**Supplied data**
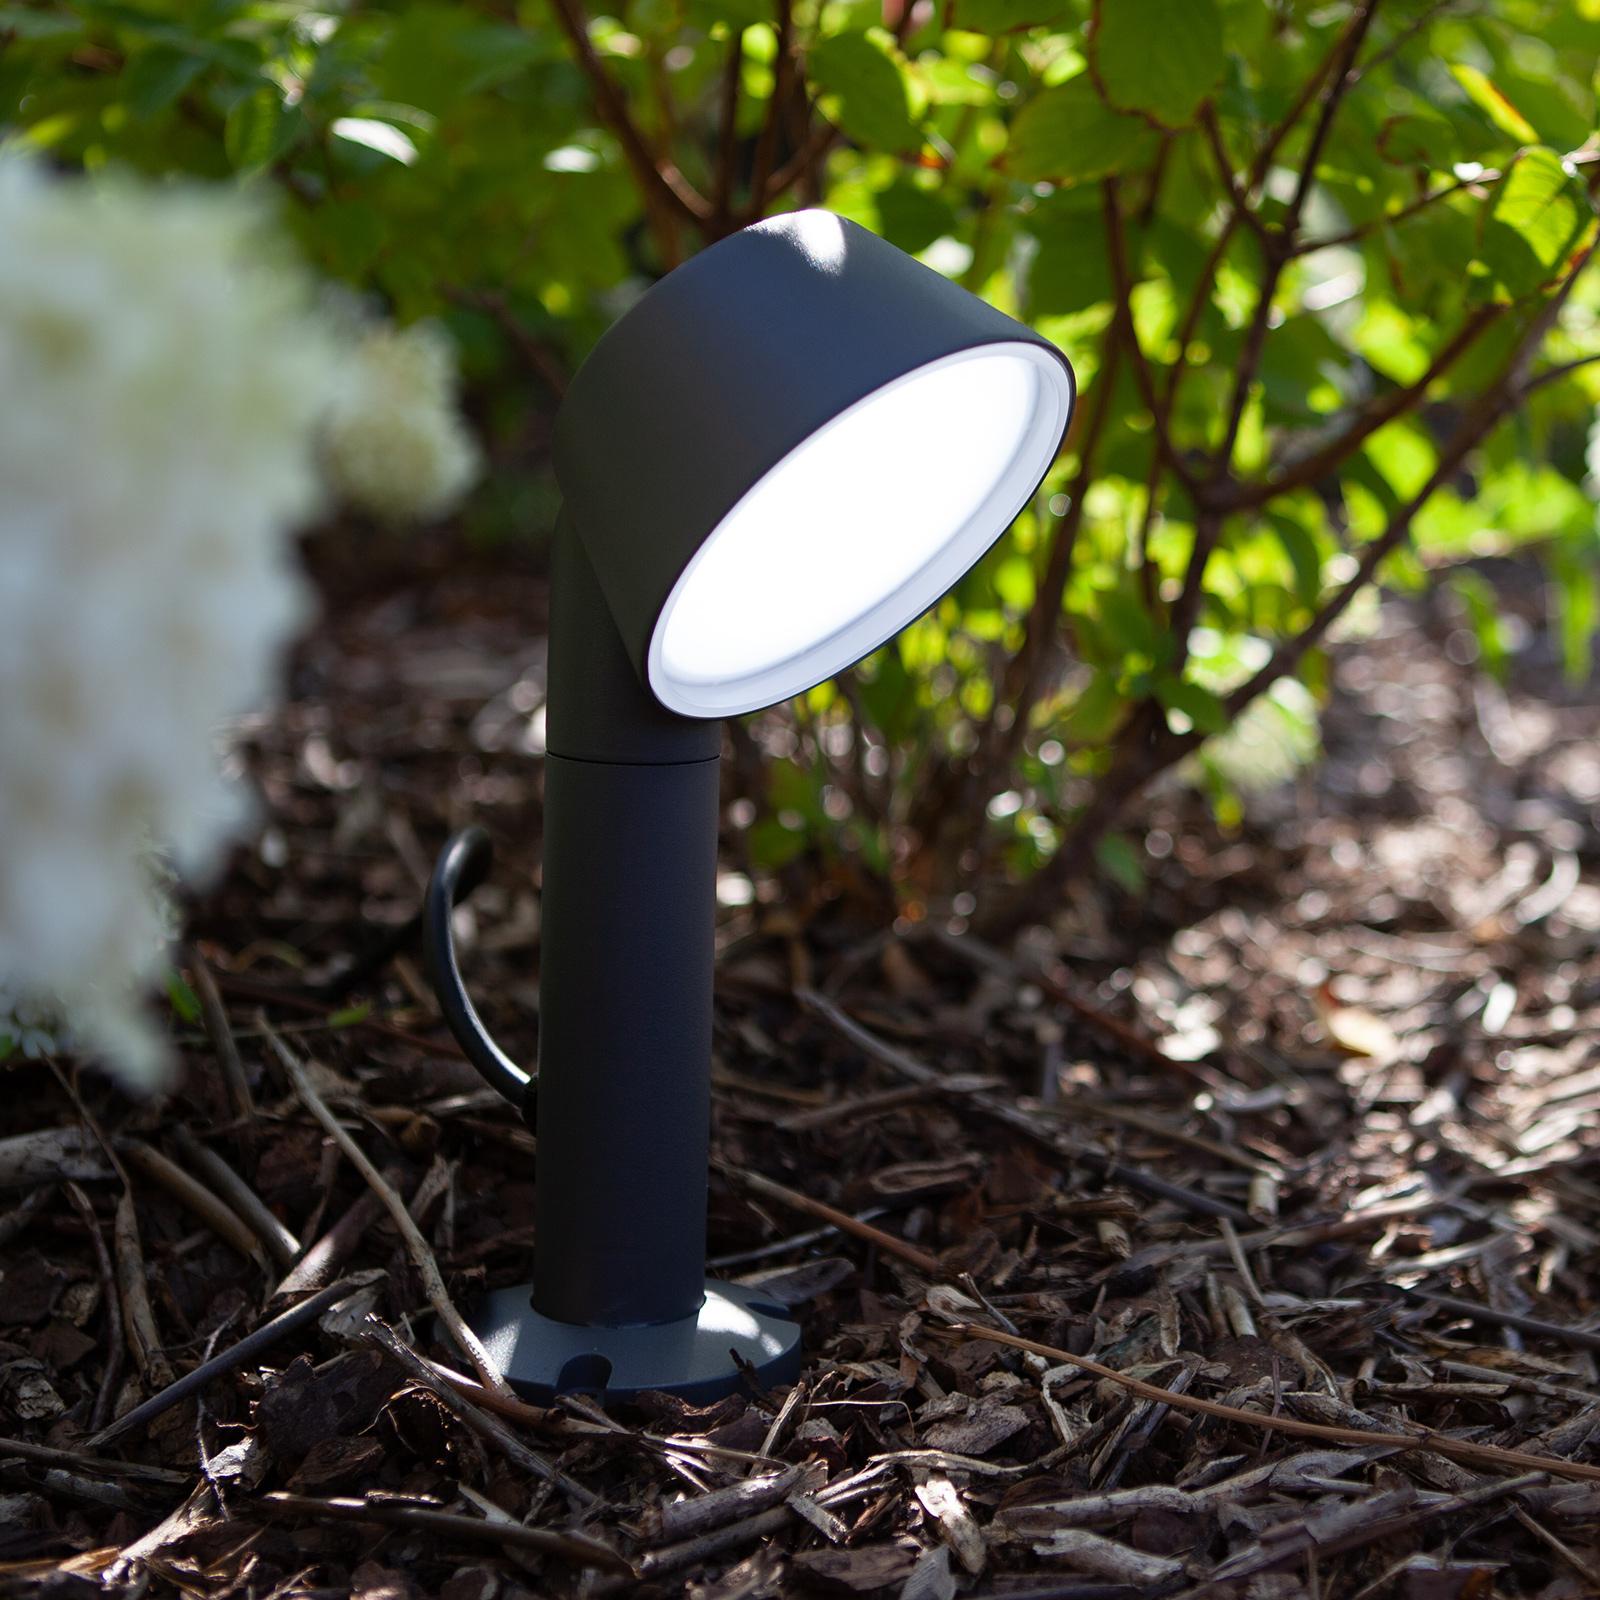 LED-Erdspießleuchte Dakota mit Tuya-Technologie
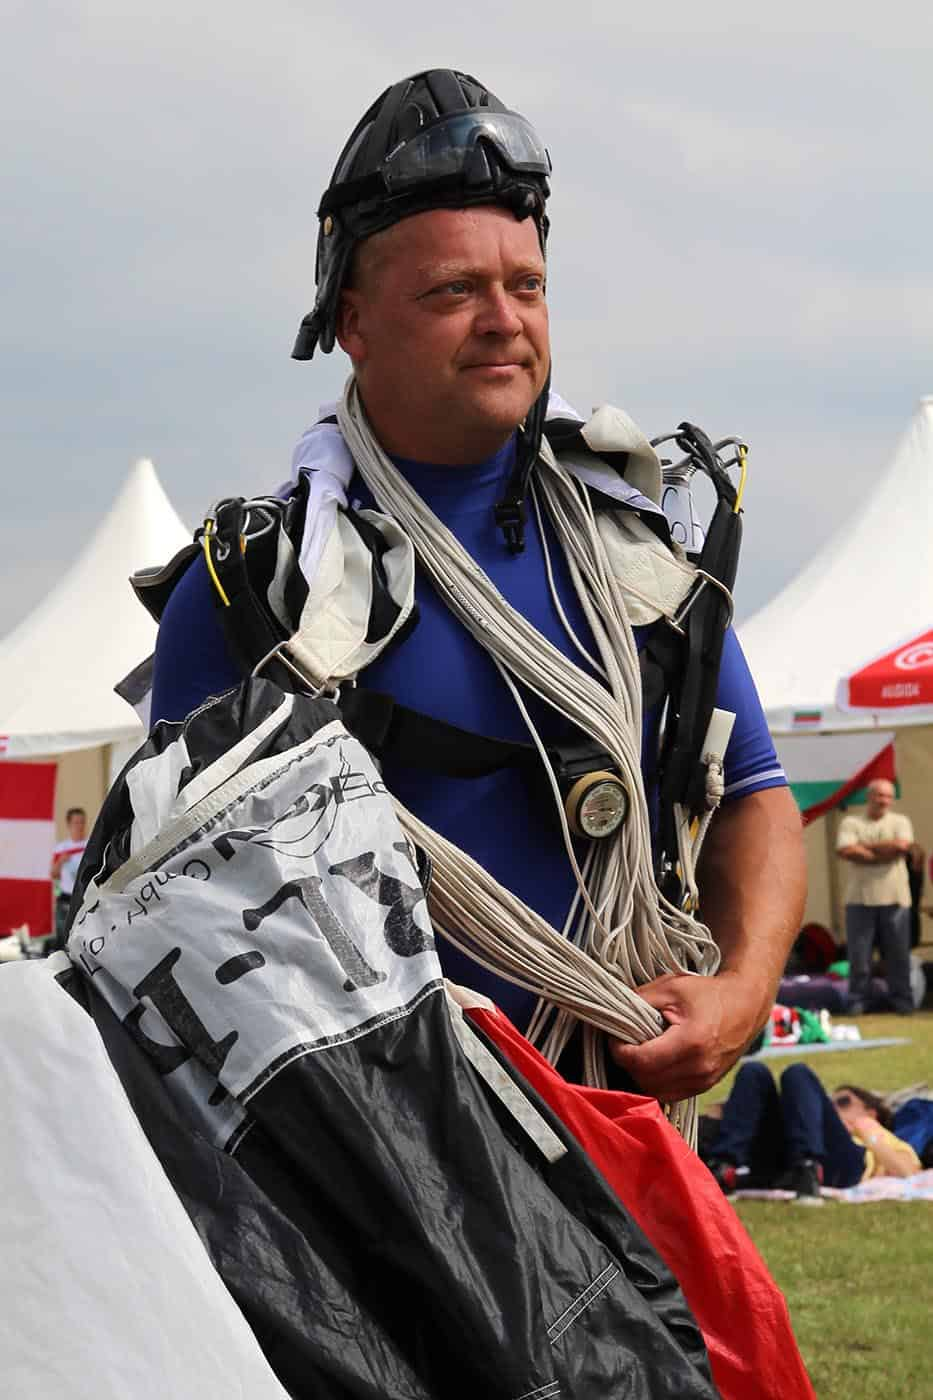 Marco Plüger
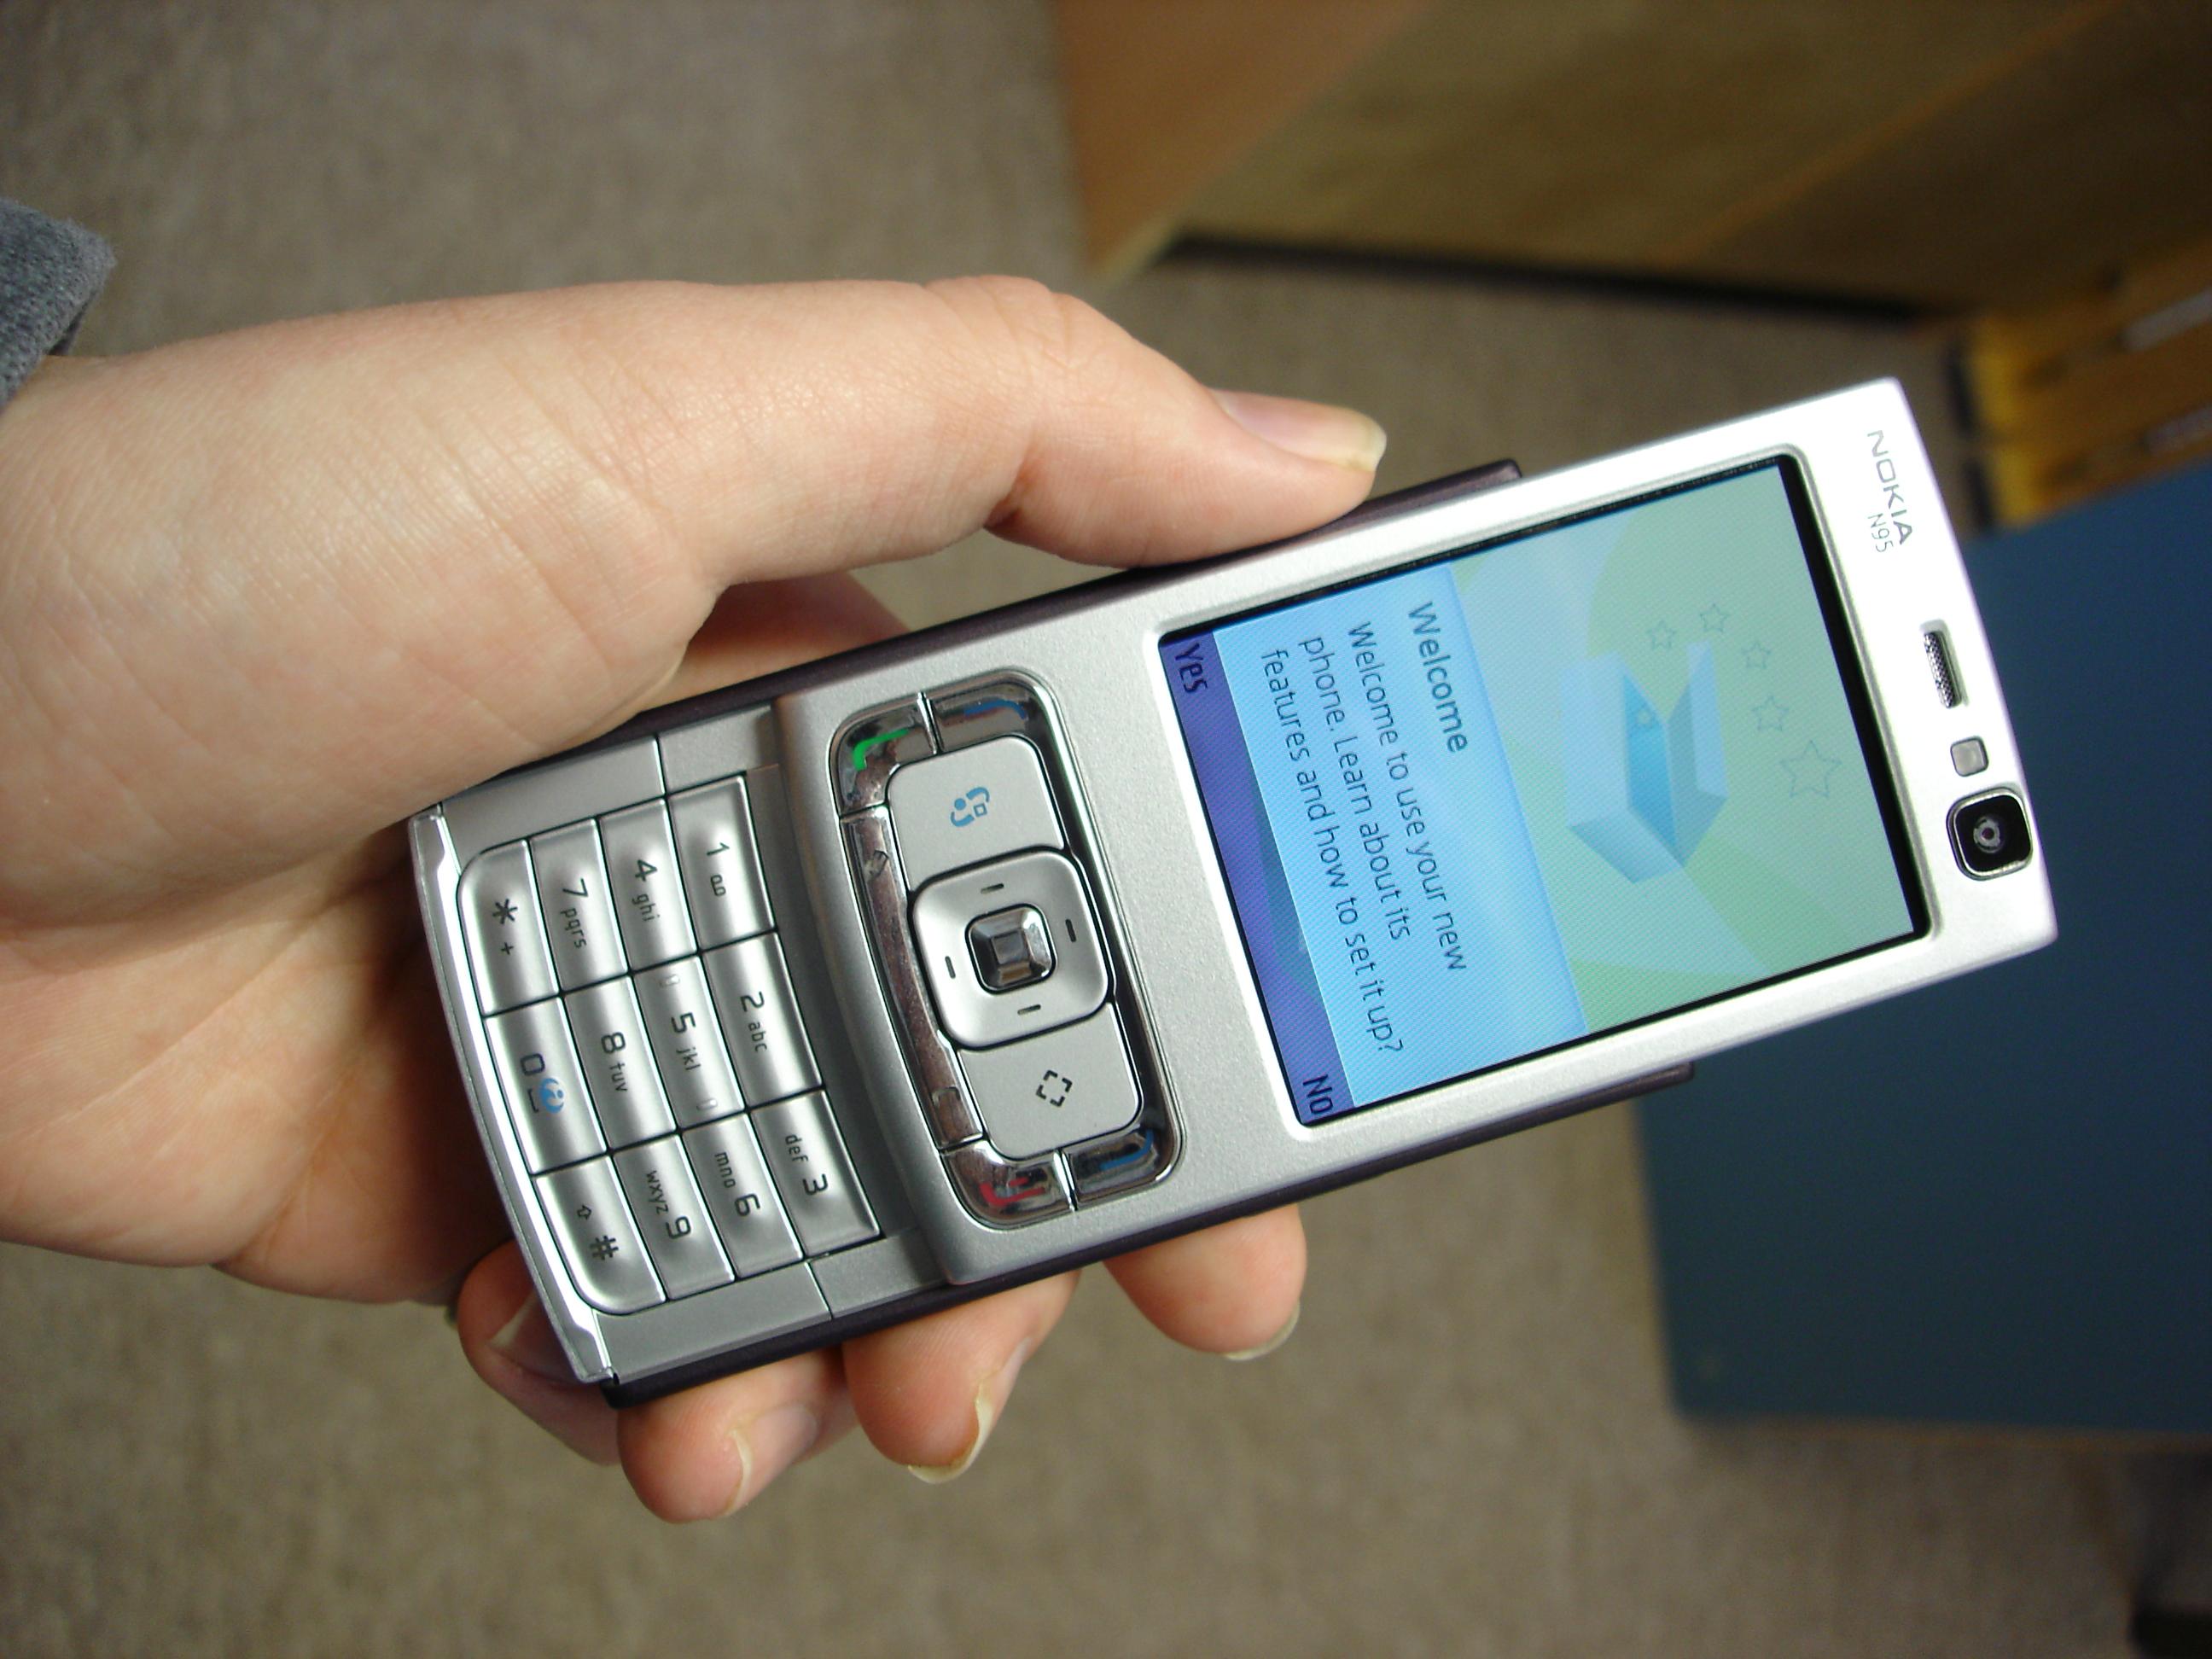 Nokia N95 Impressions Nokia First N95 First

**Instructions to follow**
Output the listing above exactly as it stands; no picture should appear.

**Task solution**
 LED-Erdspießleuchte Dakota mit Tuya-Technologie
 Marco Plüger
 Nokia N95 Impressions Nokia First N95 First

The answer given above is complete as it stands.